In contrast, the discovery problems are massive. Look at the investment required to get a single-cell model to partially describe one disease type: multiple millions to tens of millions of dollars, plus the cost of aggregating data from many different places. These discovery problems are so hard, yet they dominate the headlines.

We have seen many startups in this drug discovery space that require a huge amount of capital that haven't succeeded yet despite spending heavily on aggregating old data and generating new data.

I feel we are definitely heading toward, or are already in, the trough of disillusionment in this space. The actual wins we are seeing are in more process-oriented, stepwise concepts for AI, and that success will build trust.

But who knows? We could eventually see multiple massive models -- a "model of the heart," a "model of the lungs" -- each described at this huge scale. Models exist now that describe these organs, but they aren't built on these massive datasets. The interesting future question will be to compare the massive models with the smaller ones and determine how much better they are versus how much more money you have to spend to build them.

And, personally, what do you think is the importance of a scientist in this age of AI?

I think we are heading toward a state where these AI models will adopt the co-pilot concept -- an assistant that is simply a part of our life as scientists. How fast we get there, I don't know, but we are already seeing it. Product companies are implementing it, and organizations are building their own support tools.

This raises many questions: How do I know that a product-embedded AI is compatible with my own corporate AI strategy and models, or any orchestration layer I am using? Can I leverage its functionality, but turn it off if I want to use my own AI models in the scientist workflow?

This is because you have to trust the AI. You must trust the model, how it's been developed, the data it was created on, and its output. Without that trust, it's like a game of Russian roulette; you don't know if you'll get the right answer. This brings us back to: How do we avoid or pick up hallucinations and ensure the AI is giving a quality, proper result or inference?

Then we enter the realm of governance -- AI governance, model governance, and the concepts of AIOps and GenAIOps, similar to DevOps in many ways.

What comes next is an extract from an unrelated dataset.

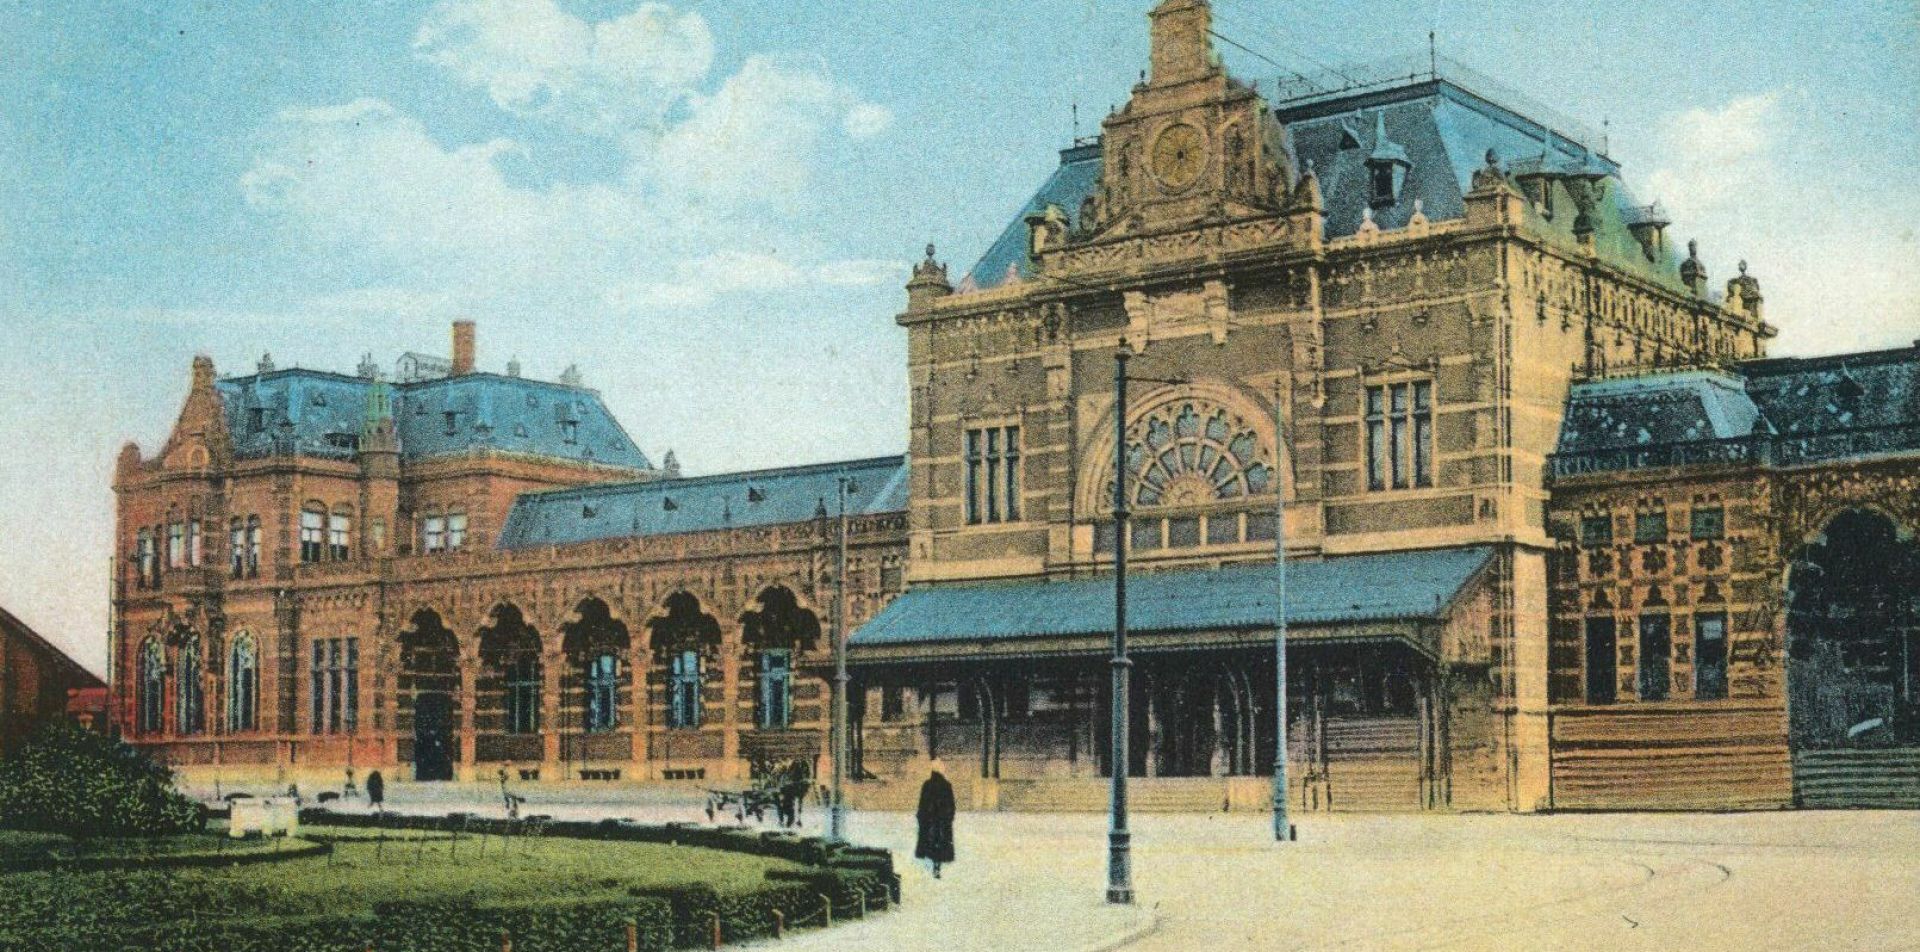 Station Groningen; van 1866 tot nu

I believe this will become highly connected to the quality groups within organizations, as they are responsible for the quality of the final product. If we are using tools that directly impact that quality, there will be a much bigger emphasis on governance.

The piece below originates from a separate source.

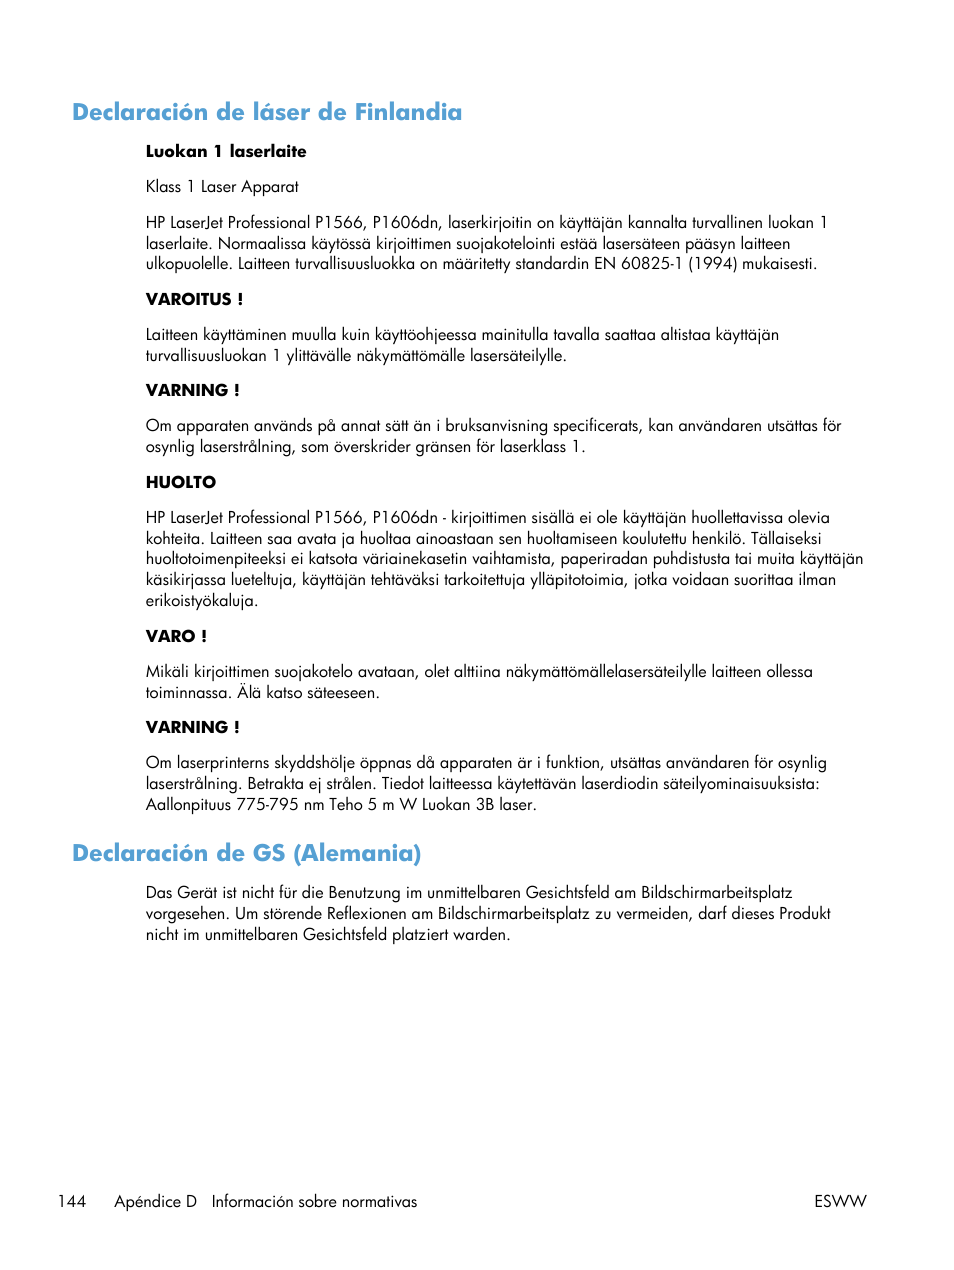 Declaración de láser de finlandia, Declaración de gs (alemania) | HP Laserjet p1606dn Manual del usuario | Página 158 / 168

Organizations are not fully there yet; some are just beginning to build this concept. It all comes back to: How do I build trust? The answer is: I need really good, trustworthy data. This is where the scientific data foundations become essential again -- they must be in place to deliver reliable data for the models to consume and provide quality inference or hypothesis support.

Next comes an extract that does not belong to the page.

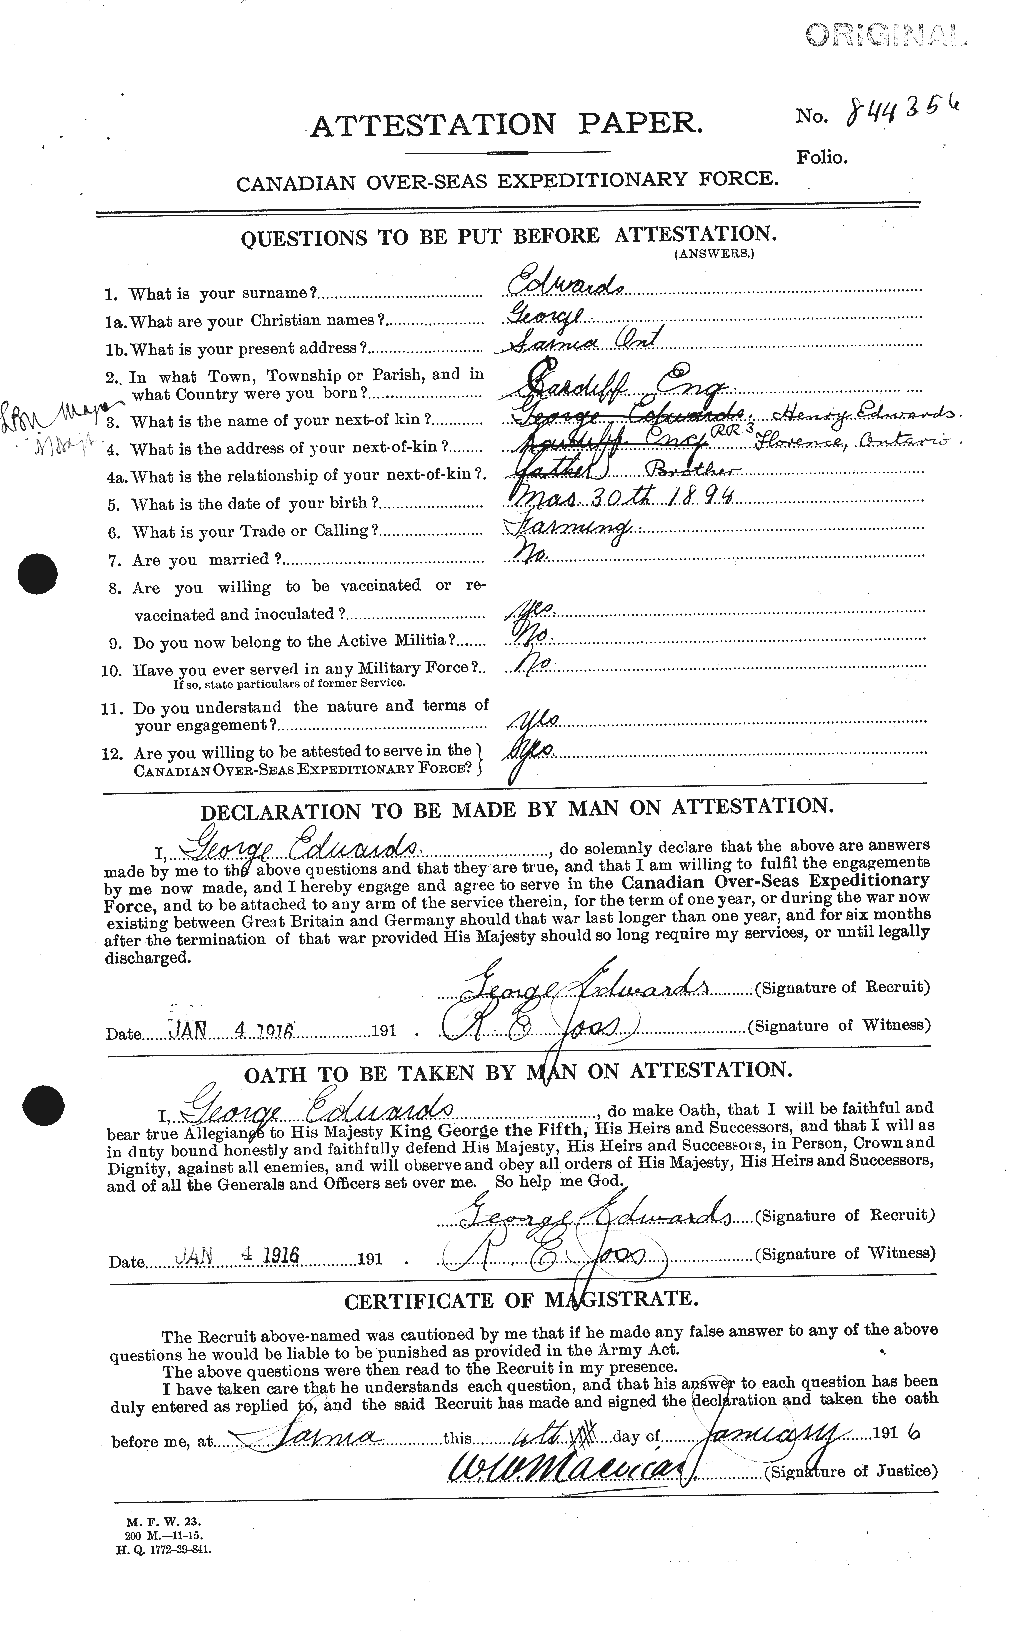 Dossiers du Personnel de la Première Guerre mondiale - CEC 309090a

What does it take to be a scientist in the age of AI? I think it's all down to being a scientist -- healthy scepticism with an equal amount of curiosity and willingness to learn and try new things. Applying the DMTA cycle to AI in the same way we typically use it to our chosen area of science. Embracing the technology will help us in finding new ways to work that let us explore new innovative approaches, speed up current things, increase precision and accuracy or enable more capacity. All of these will add value to the scientists, helping us be better scientists, all thanks in part to our scientific AI assistants.